広島の移住者が根を張った土地で、焼酎が生まれる
北広島の名前の由来は、1884年に広島県から移住してきた25戸103人の入植団にさかのぼる。リーダーの和田郁次郎が固辞したため、出身地の名を冠して「広島開墾」と呼ばれ、やがて広島村となった。その後、広島県の広島市との重複を避けるため、1996年に市制施行と同時に北広島市と改称された。
140年近く前の入植から、この町は札幌と新千歳空港の間、石狩平野のなだらかな丘陵地帯に根を張ってきた。南西部の丘陵では畑作や酪農が営まれ、北東部の低地では水田が広がる。そうした風土の中で、今も焼酎が作られている。
kibi畑の本格焼酎は、この町の土地と水が育てた一本だ。720ml瓶を2本か6本か選べる返礼品で、晩酌の相棒として、あるいは季節の手土産として、家の食卓に着地する。焼酎の香りと、北広島という土地の歴史が一緒に届く。

入植から140年、丘陵地の営みが続く
北広島の産業は、今も農業と工業の両輪で回っている。市内には6つの工業団地が造成され、各種企業が進出する一方で、農業は観光農園への転換など、新しい形を模索している。だが焼酎という返礼品は、そうした産業の変化の中でも、この町の土地そのものを表現する品だ。

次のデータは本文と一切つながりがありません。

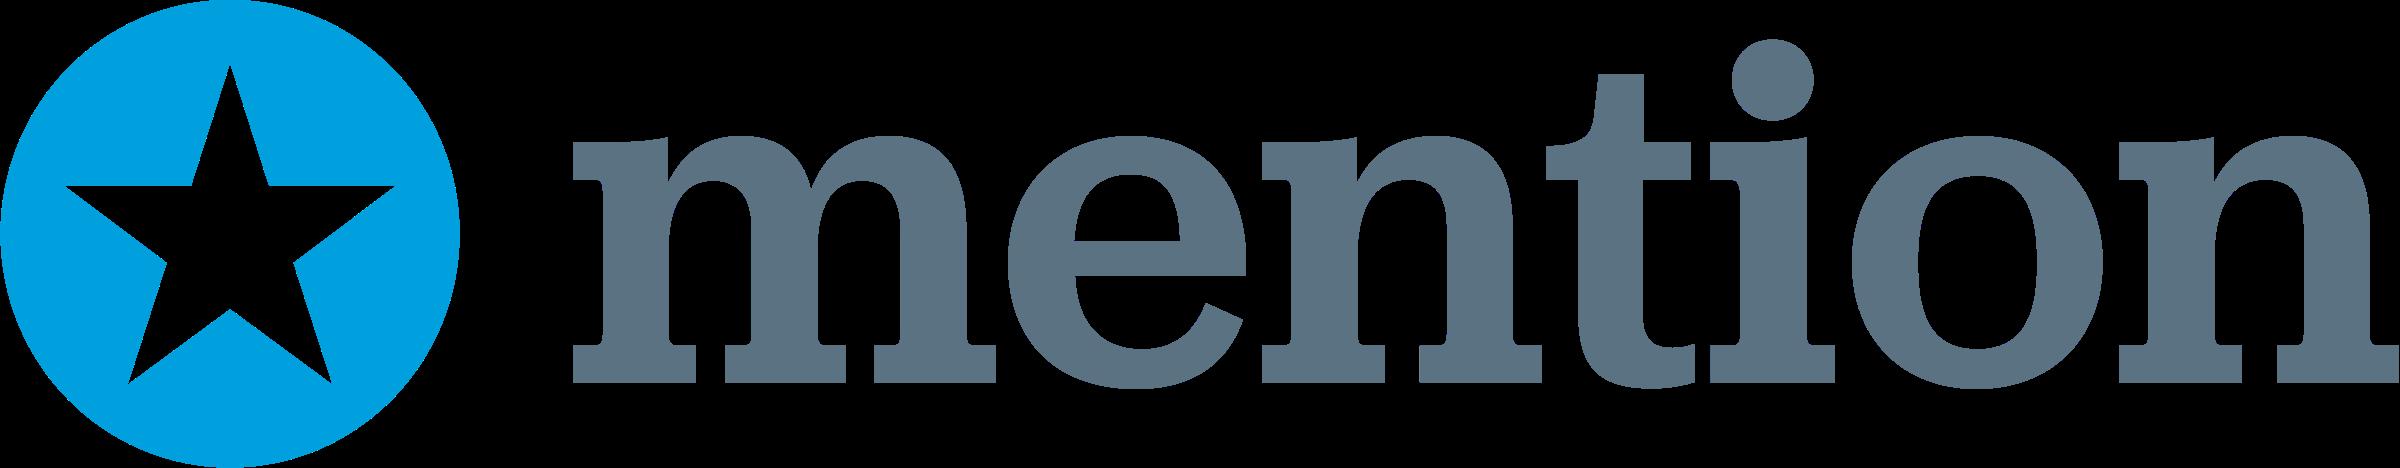 mention-logo-png-transparent
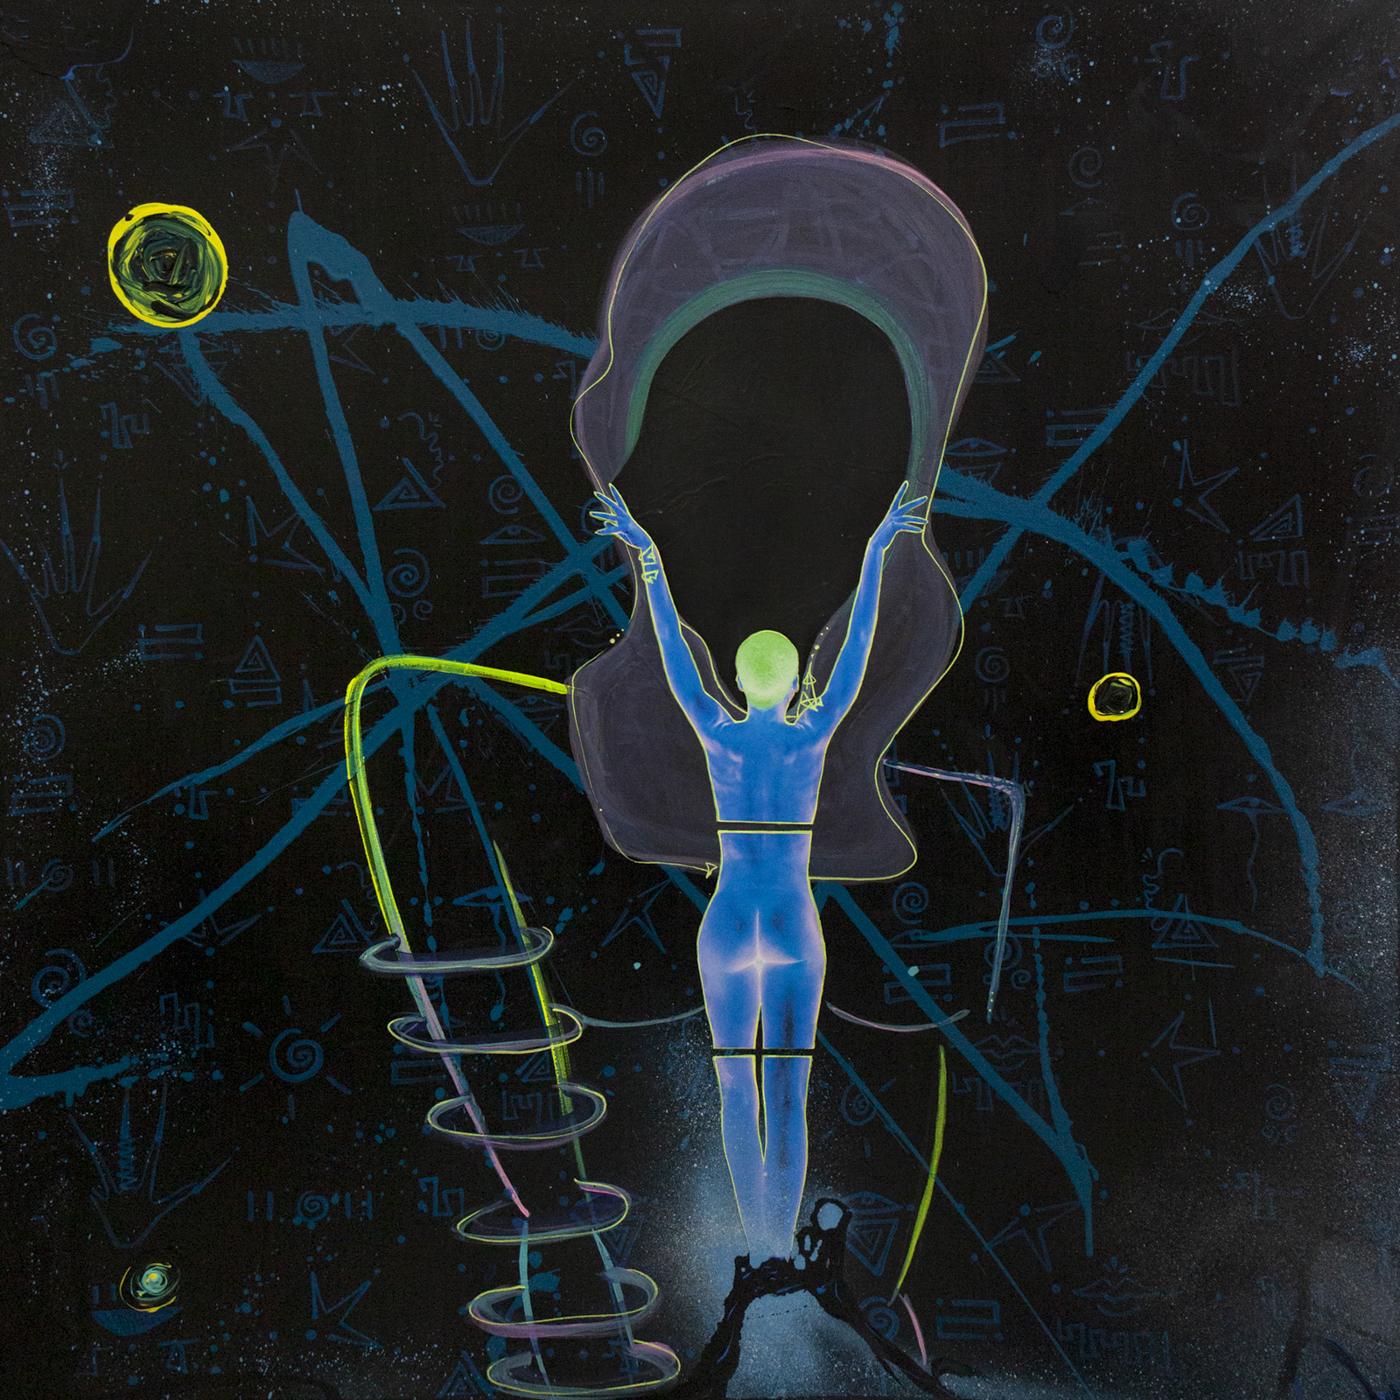 Nichole Washington - Rebellious Black Girl - The Untitled Space, February 2020

広島県から移住した人々が開いた野幌原野は、今も北広島の基層にある。1877年にはウィリアム・スミス・クラークが島松で「Boys, Be Ambitious!」の言葉を残し、1926年には北海道鉄道(現在の千歳線)が開通して、北広島駅が設置された。その後、1971年の道央自動車道開通により、札幌と新千歳空港を結ぶ交通の要所となった。
焼酎を手にするとき、その背後には、入植者たちが切り開いた土地、丘陵地の水、そして140年近い営みの時間がある。一杯の焼酎は、北広島という町の風土そのものを味わう行為だ。